WHAT TO PRODUCE - Beginning with the line that holds "TORJUNNASTA LUP 2013-18" and ending with the last line below, please copy every line exactly, add nothing, and leave out the pictures.

DATA -
::::

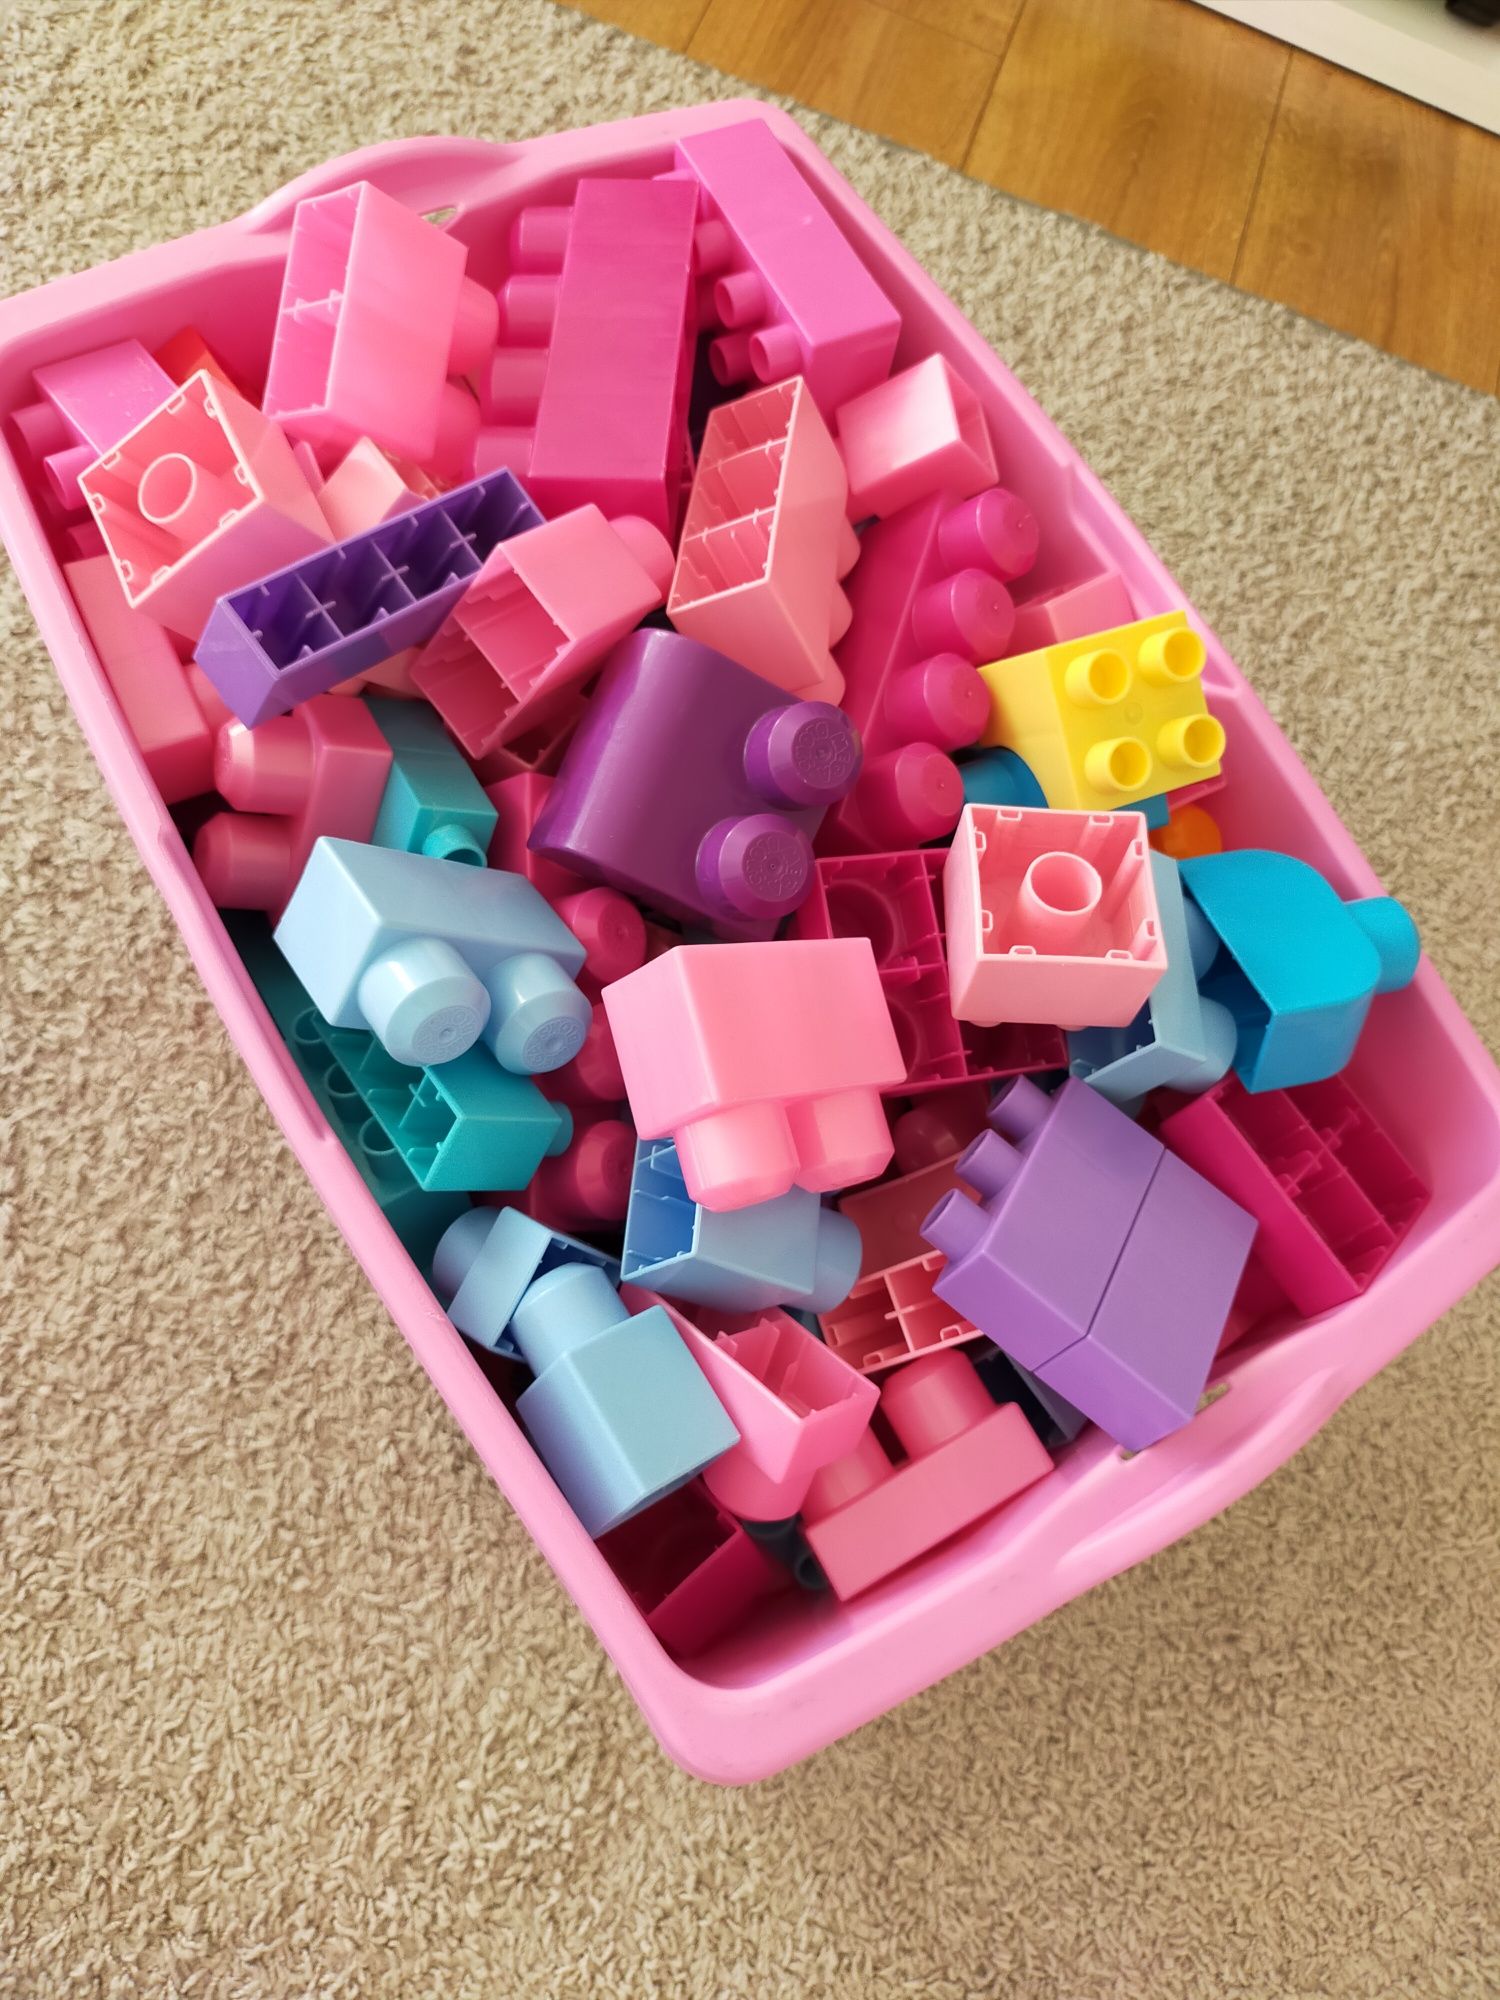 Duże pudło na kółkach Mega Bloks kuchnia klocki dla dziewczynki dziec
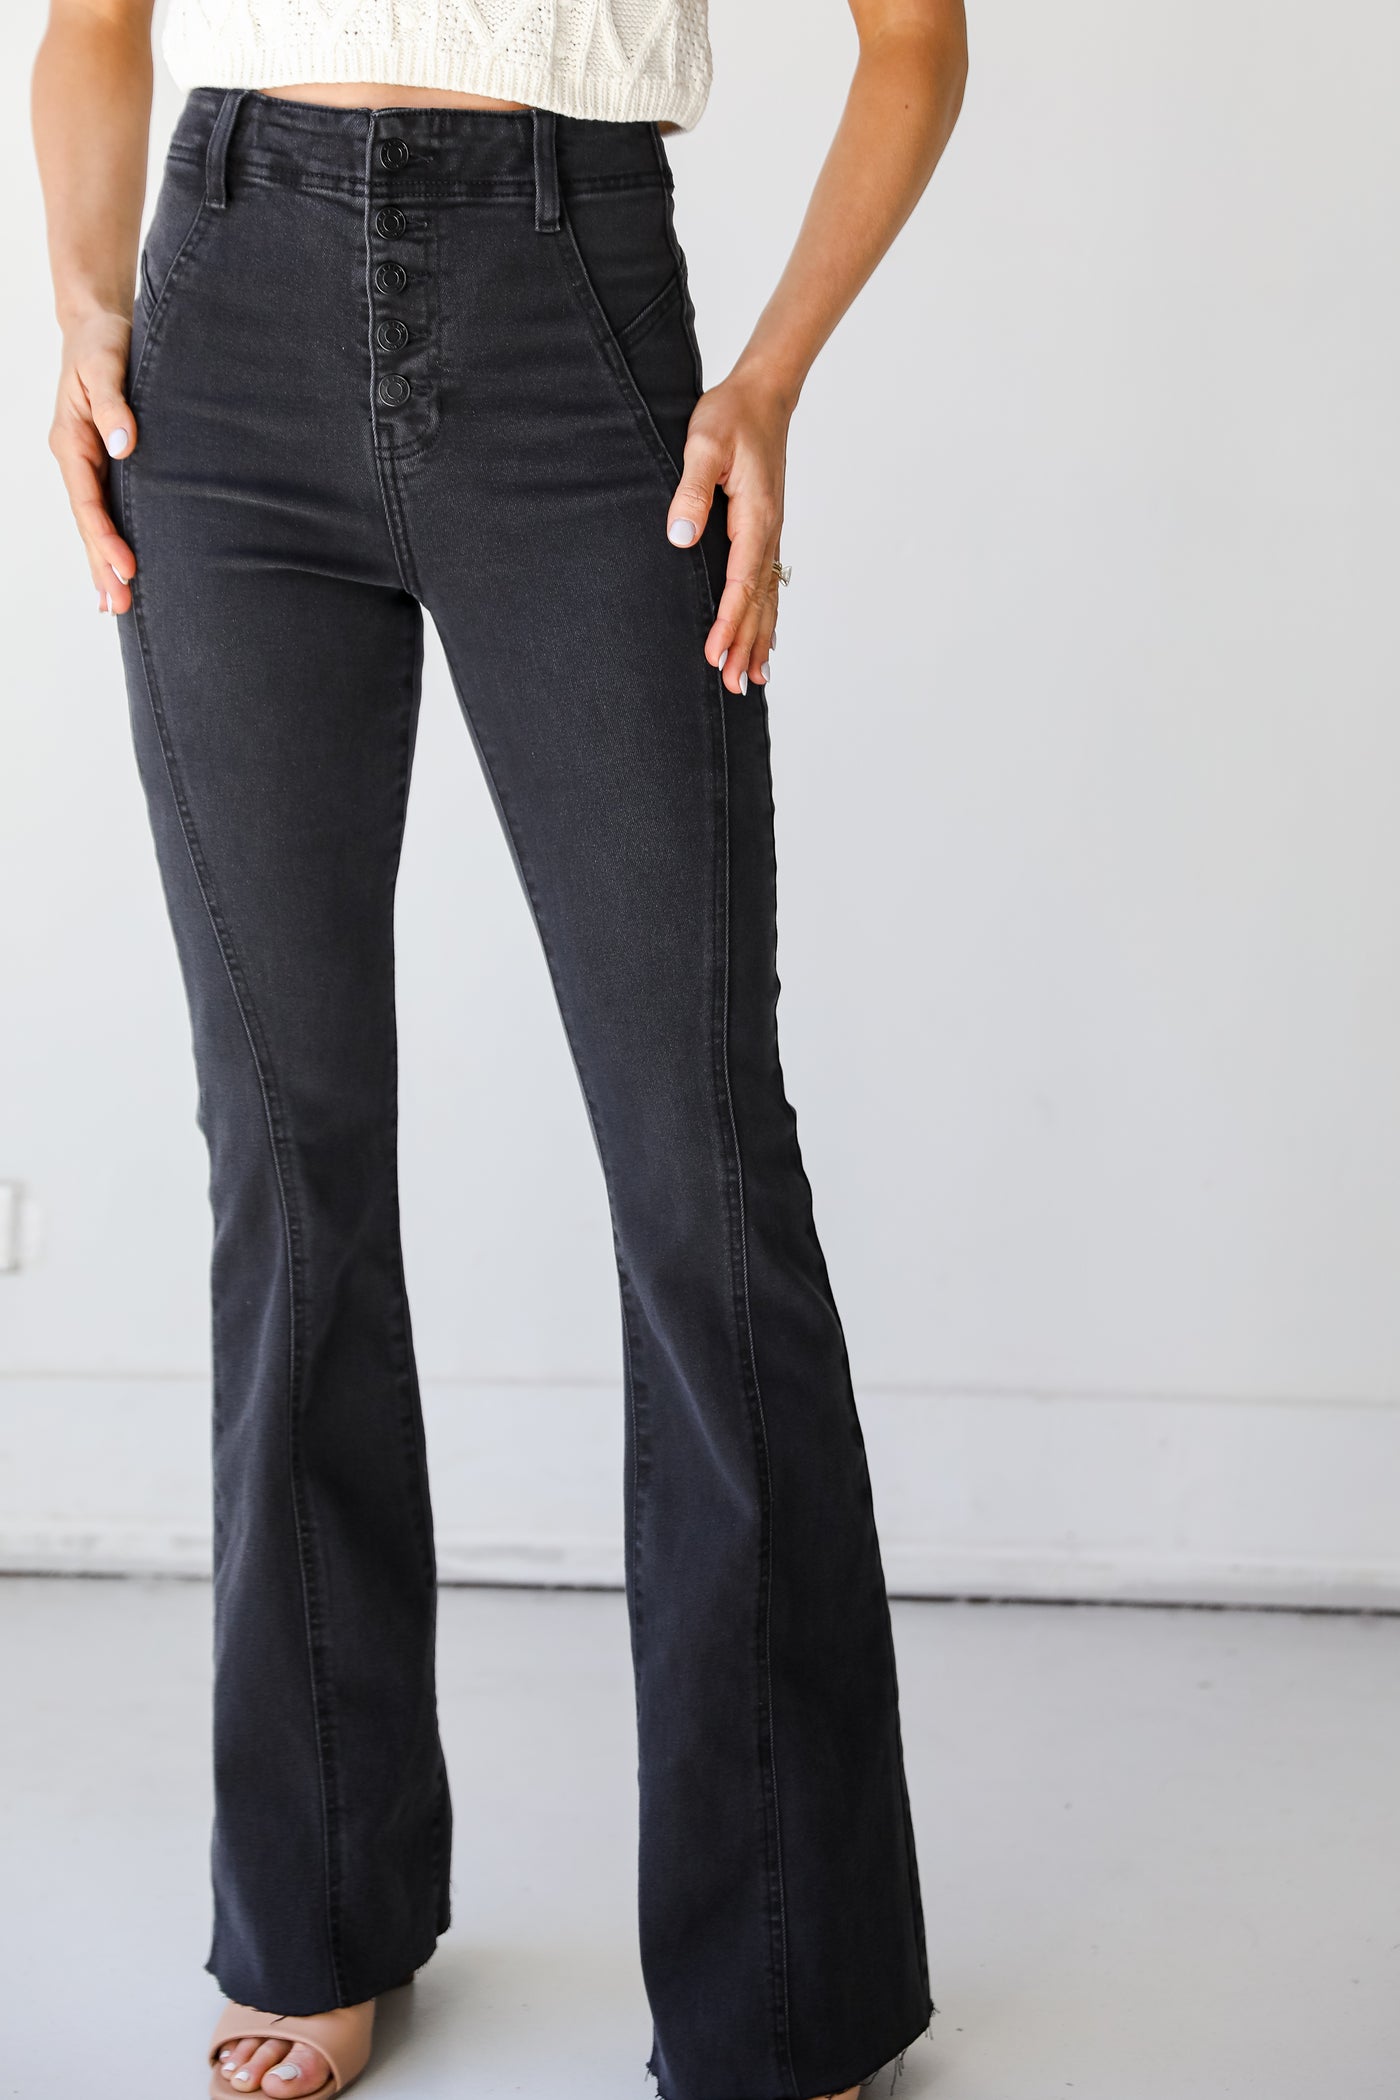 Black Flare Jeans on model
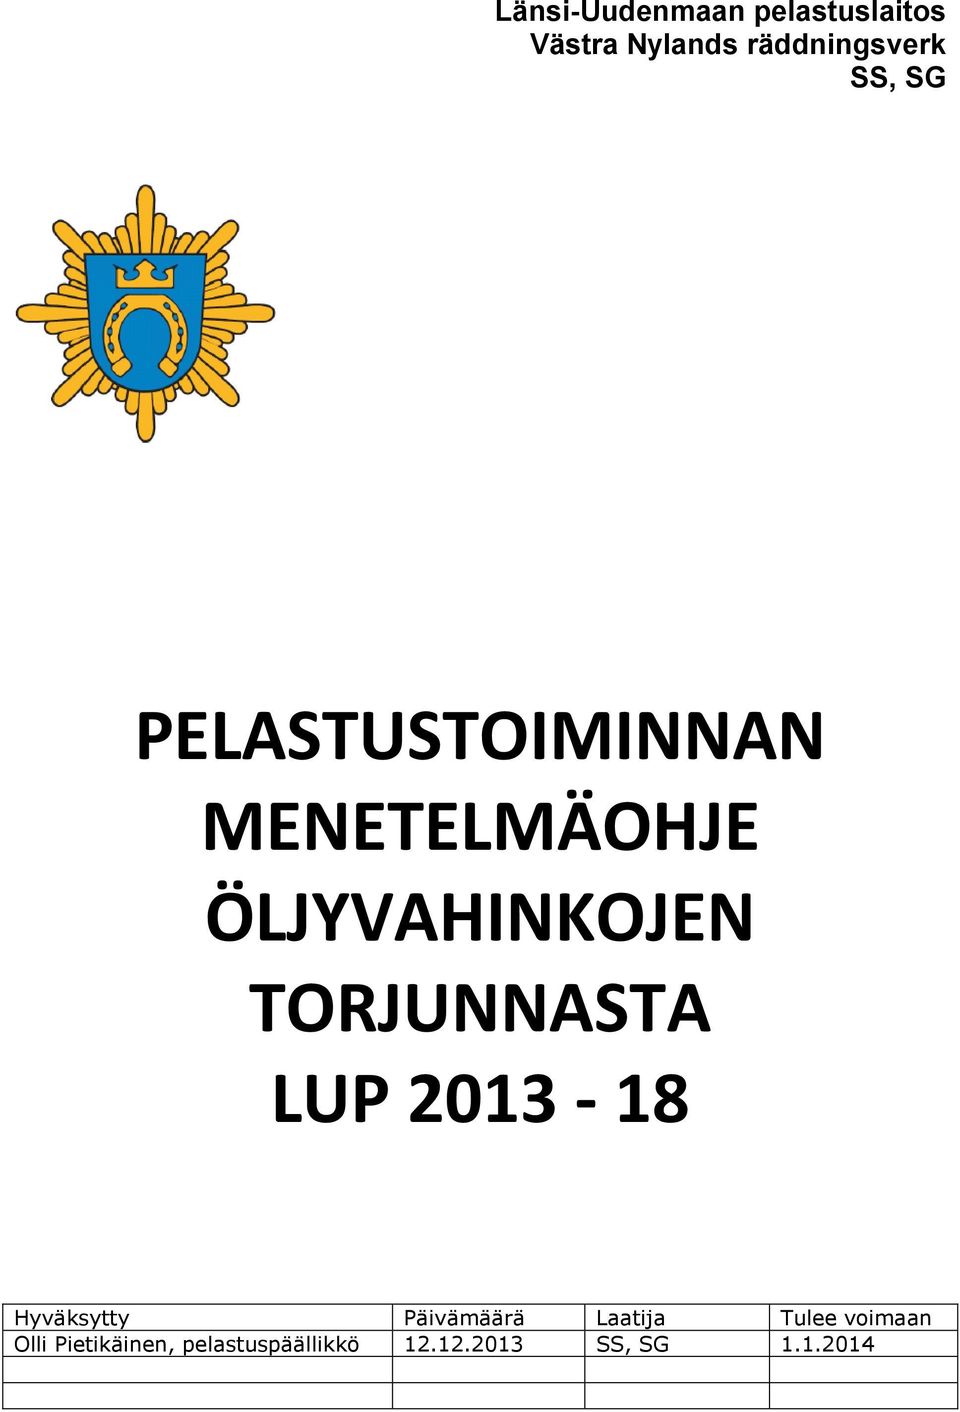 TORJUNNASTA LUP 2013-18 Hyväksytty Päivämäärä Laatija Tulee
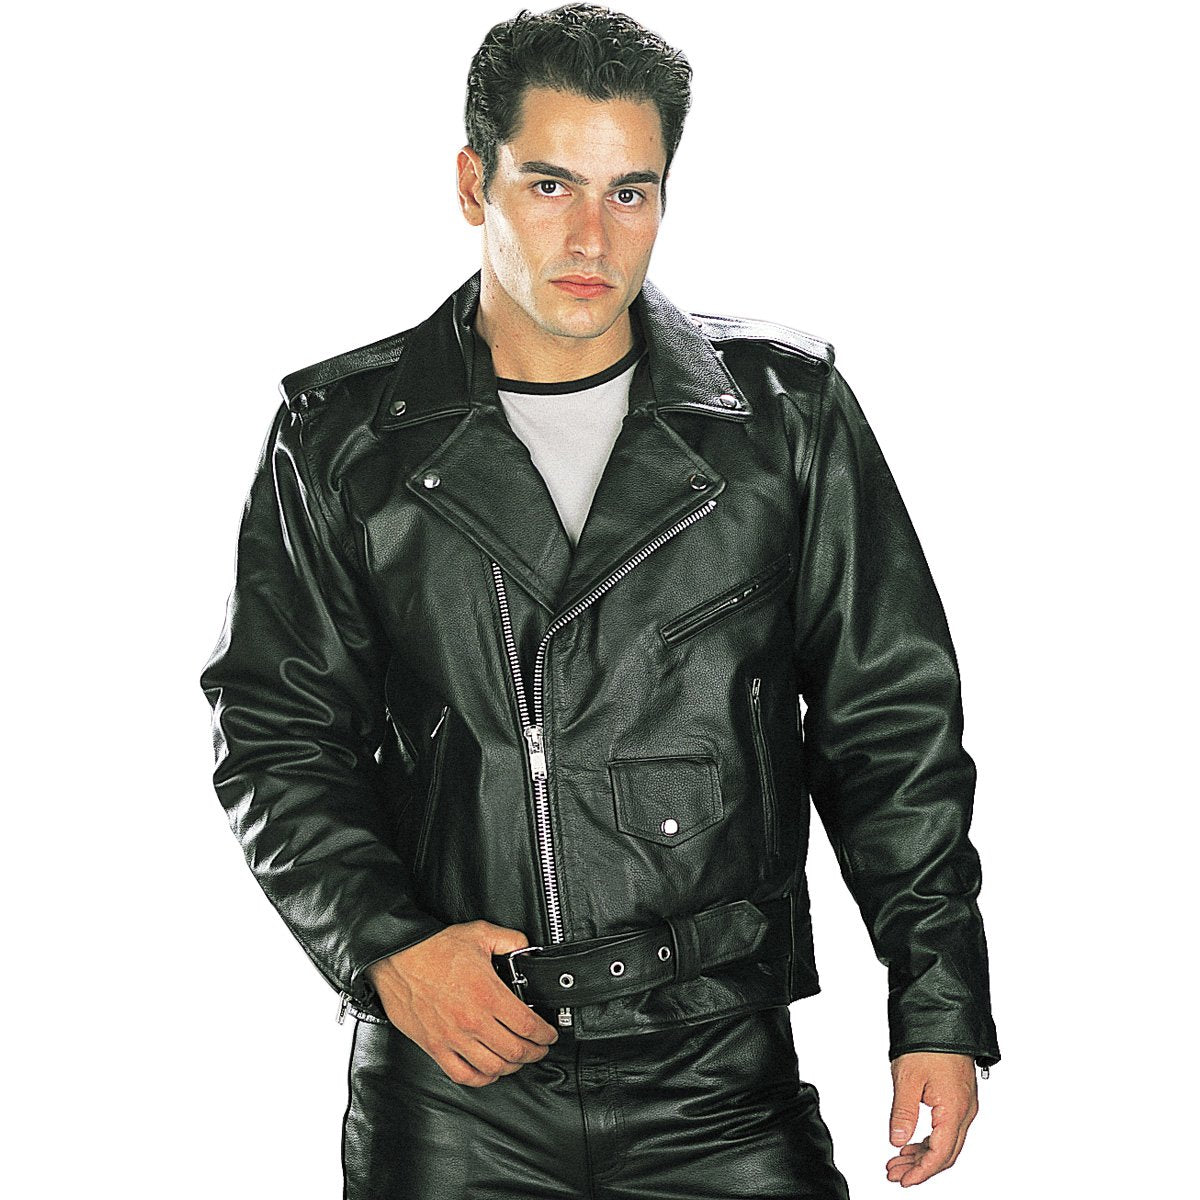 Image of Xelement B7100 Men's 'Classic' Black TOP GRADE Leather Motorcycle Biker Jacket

::::

ANSWER TO THE PROBLEM -
 TORJUNNASTA LUP 2013-18 Hyväksytty Päivämäärä Laatija Tulee
 Image of Xelement B7100 Men's 'Classic' Black TOP GRADE Leather Motorcycle Biker Jacket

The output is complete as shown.